Re: [Patch v4 03/12] net: mana: Handle vport sharing between devices

From: Jason Gunthorpe
Date: Fri Jul 29 2022 - 15:12:48 EST


On Fri, Jul 29, 2022 at 06:44:22PM +0000, Long Li wrote:
> > Subject: Re: [Patch v4 03/12] net: mana: Handle vport sharing between devices
> >
> > On Thu, Jul 21, 2022 at 05:58:39PM +0000, Long Li wrote:
> > > > > "vport" is a hardware resource that can either be used by an
> > > > > Ethernet device, or an RDMA device. But it can't be used by both
> > > > > at the same time. The "vport" is associated with a protection
> > > > > domain and doorbell, it's programmed in the hardware. Outgoing
> > > > > traffic is enforced on this vport based on how it is programmed.
> > > >
> > > > Sure, but how is the users problem to "get this configured right"
> > > > and what exactly is the user supposed to do?
> > > >
> > > > I would expect the allocation of HW resources to be completely
> > > > transparent to the user. Why is it not?
> > > >
> > >
> > > In the hardware, RDMA RAW_QP shares the same hardware resource (in
> > > this case, the vPort in hardware table) with the ethernet NIC. When an
> > > RDMA user creates a RAW_QP, we can't just shut down the ethernet. The
> > > user is required to make sure the ethernet is not in used when he
> > > creates this QP type.
> >
> > You haven't answered my question - how is the user supposed to achieve this?
>
> The user needs to configure the network interface so the kernel will not use it when the user creates a RAW QP on this port.
>
> This can be done via system configuration to not bring this
> interface online on system boot, or equivalently doing "ifconfig xxx
> down" to make the interface down when creating a RAW QP on this
> port.

That sounds horrible, why allow the user to even bind two drivers if
the two drivers can't be used together?

> > And now I also want to know why the ethernet device and rdma device can even
> > be loaded together if they cannot share the physical port?
> > Exclusivity is not a sharing model that any driver today implements.
>
> This physical port limitation only applies to the RAW QP. For RC QP,
> the hardware doesn't have this limitation. The user can create RC
> QPs on a physical port up to the hardware limits independent of the
> Ethernet usage on the same port.

.. and it is because you support sharing models in other cases :\

> Scenario 1: The Ethernet loses TCP connection.

> 1. User A runs a program listing on a TCP port, accepts an incoming
> TCP connection and is communicating with the remote peer over this
> TCP connection.
> 2. User B creates an RDMA RAW_QP on the same port on the device.
> 3. As soon as the RAW_QP is created, the program in 1 can't
> send/receive data over this TCP connection.
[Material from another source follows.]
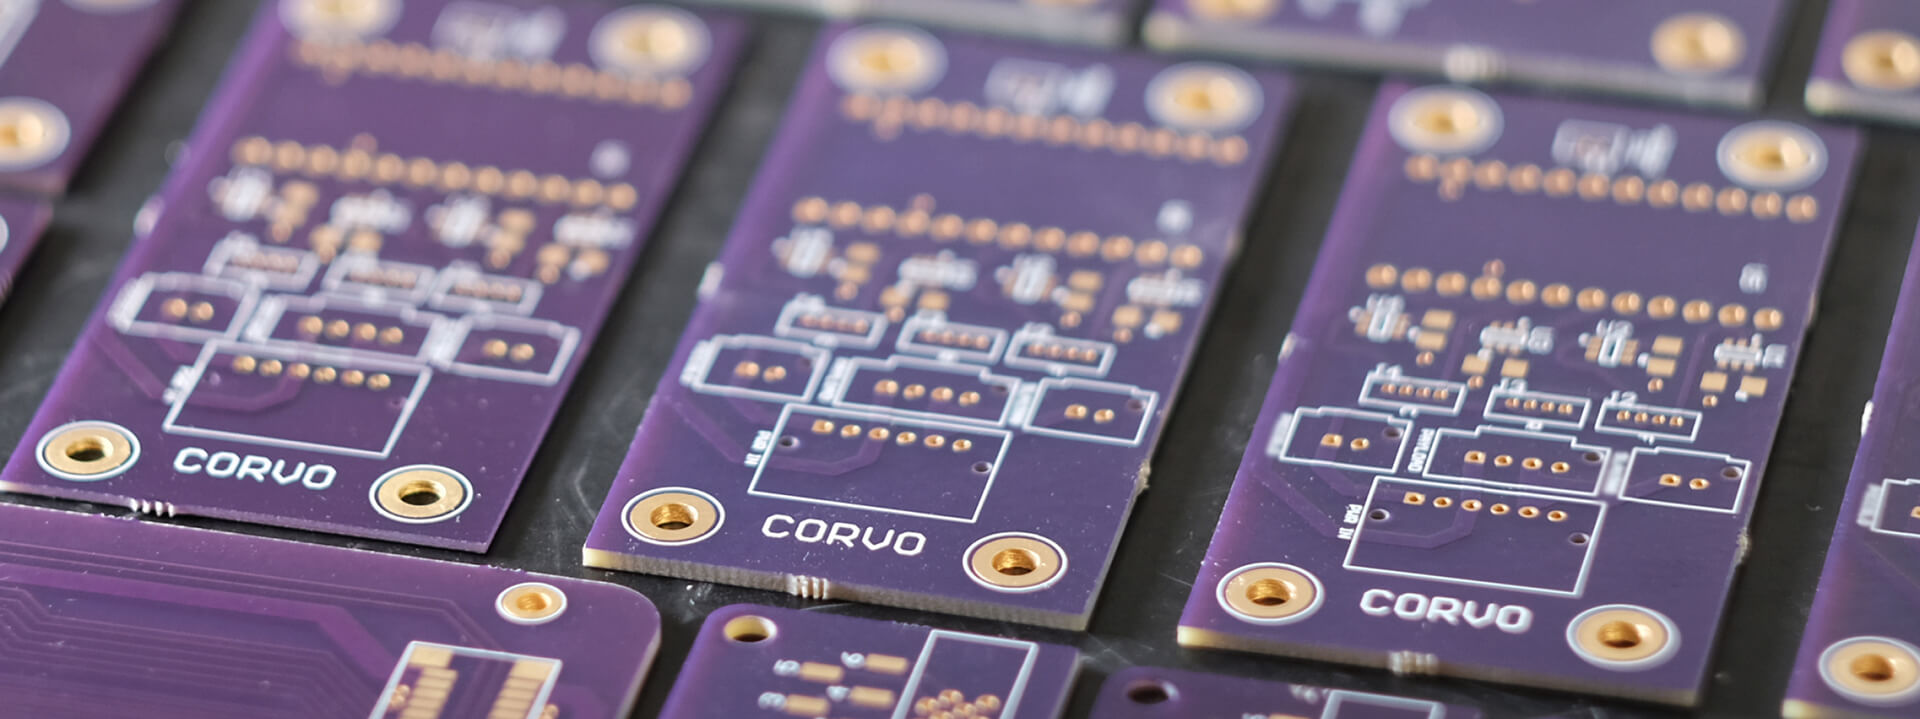 Corvo Drone Circuit Board Component

After some period of
> inactivity, the TCP connection terminates.

It is a little more complicated than that, but yes, that could
possibly happen if the userspace captures the right traffic.

> Please note that this may also pose a security risk. User B with
> RAW_QP can potentially hijack this TCP connection from the kernel by
> framing the correct Ethernet packets and send over this QP to trick
> the remote peer, making it believe it's User A.
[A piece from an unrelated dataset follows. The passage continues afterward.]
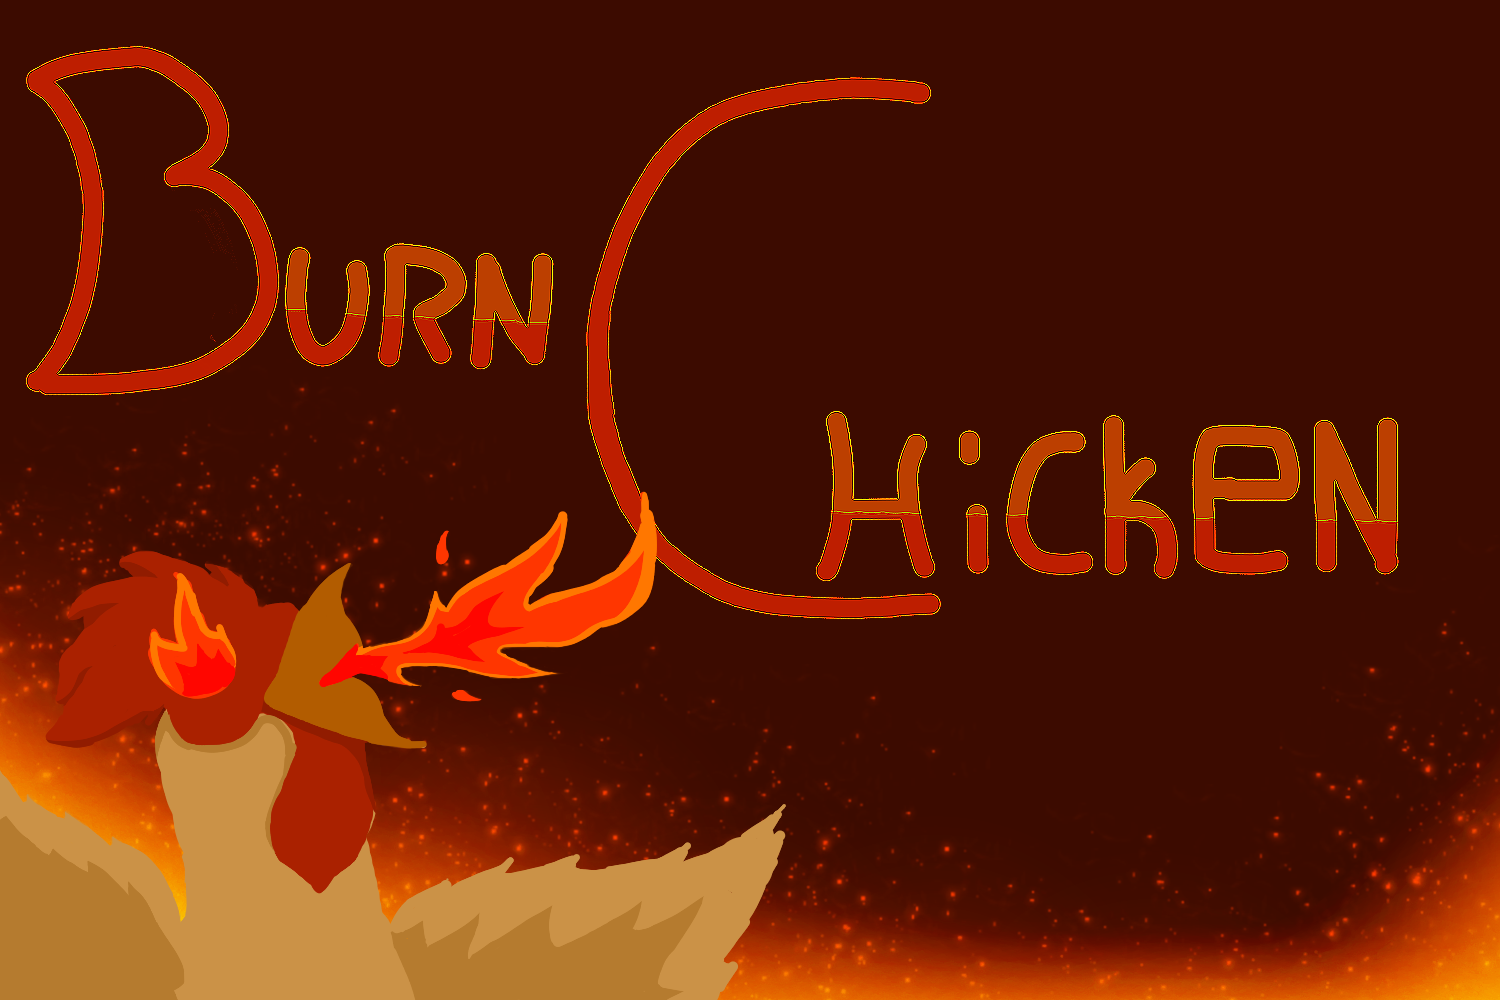 Burn Chicken

Any root user can do this with the netstack using eg tcpdump, bpf,
XDP, raw sockets, etc. This is why the capability is guarded by
CAP_NET_RAW. It is nothing unusual.

> Scenario 2: The Ethernet port state changes after RDMA RAW_QP is used on the port.
> 1. User uses "ifconfig ethx down" on the NIC, intending to make it offline
> 2. User creates a RDMA RAW_QP on the same port on the device.
> 3. User destroys this RAW_QP.
> 4. The ethx device in 1 reports carrier state in step 2, in many
> Linux distributions this makes it online without user
> interaction. "ifconfig ethx" shows its state changes to "up".

This I'm not familiar with, it actually sounds like a bug that the
RAW_QP's interfere with the netdev carrier state.

> the Mellanox NICs implement the RAW_QP. IMHO, it's better to have
> the user explicitly decide whether to use Ethernet or RDMA RAW_QP on
> a specific port.

It should all be carefully documented someplace.

Jason